King of the Roads

I can't believe it's nearly ten years since the untimely death of Joey Dunlop.Today as the bikes race around the North West I'm sure it's not just bikers will remember Joey Dunlop and also his brother Robert, who also lost his life just two years ago.With the never ending respect and interest of the public it's good to see that the tenth-anniversary edition of the book Joey Dunlop: King of the Roads is packed with new material, including a new introduction by Stephen Davison. There is also a new chapter on the legacy of Joey Dunlop and previously unpublished photographs.
Joey Dunlop was born in Ballymoney, Co. Antrim on 25 February 1952. His ambition was to be a soldier, but all that changed when he purchased his first motorbike at the age of sixteen: he discovered his destiny.
His racing career began in 1969, and his yellow helmet and number 3 bike quickly became synonymous with high-octane wins. He was one of the most exciting riders the sport has ever seen, drawing huge crowds to the Isle of Man TT races and to every other course he raced. Joey received an MBE for his motorcycling prowess; his racing record remains unsurpassed: twenty-six wins in twenty-five years at the TT races, and five times World Champion. But there was more to this rider than racing. He also received an OBE in recognition of the many relief trips he made, alone, to war-torn areas, such as Romania and the Balkans, bringing food, clothing and supplies to those in need. True to his quiet, modest nature, he did not seek credit for his humanitarian work. The 'King of the Roads' died as he had lived: in an adrenaline rush. On 2 July 2000 the forty-eight-year-old rider crashed during a race in the republic of Estonia. The death of Joey Dunlop triggered an unparalleled emotional response as the sporting world and his fans openly mourned his passing. His funeral in his home town of Ballymoney was attended by 50,000 people, and thousands more recorded their feelings for 'Yer Maun' in books of condolence set up throughout Ireland. In September 2000 thousands of residents and visitors turned out to pay tribute to their hero at the Isle of Man TT circuit, which he had dominated for so long. A decade after his death Joey Dunlop is still revered as a motorcycling legend. He will not be forgotten Joey Dunlop tenth-anniversary edition looks at Joey Dunlop's legacy and captures the rider, the family man, the winner, the humanitarian - the person behind the legend that is the 'King of the Roads'.

The author of this book Stephen Davison is a photographer with Pacemaker, Belfast.
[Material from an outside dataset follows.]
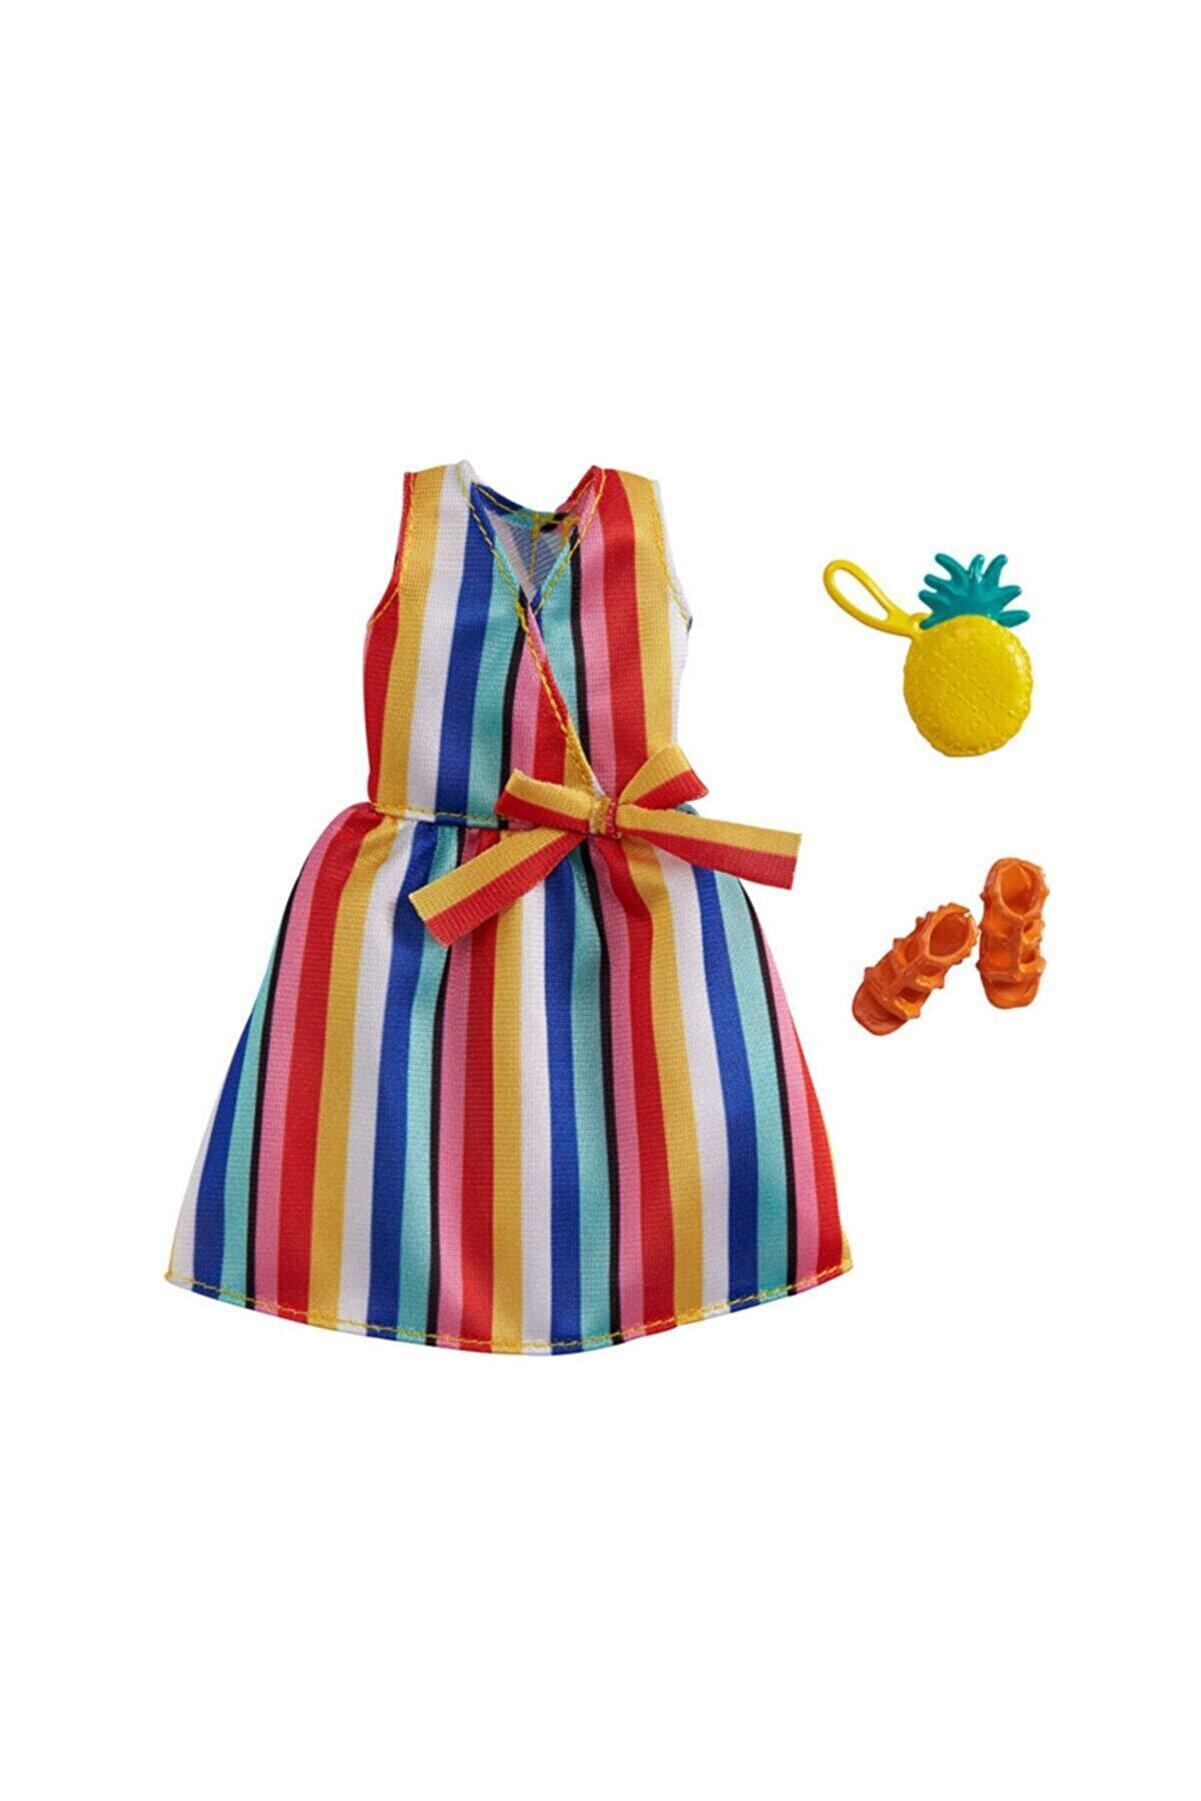 Barbie Nin Kıyafet Koleksiyonu Gwd96-grb98

A road-racing enthusiast, he has followed the career of Joey Dunlop for many years, producing award-winning pics for specialist magazines, newspapers and TV. 
Also tonight on BBC One Northern Ireland there is a programme entitled Joey Dunlop Remembered, which is a tribute to Joey Dunlop marking the tenth anniversary of his death. His family, friends and fellow riders describe the many ways he still is fondly remembered.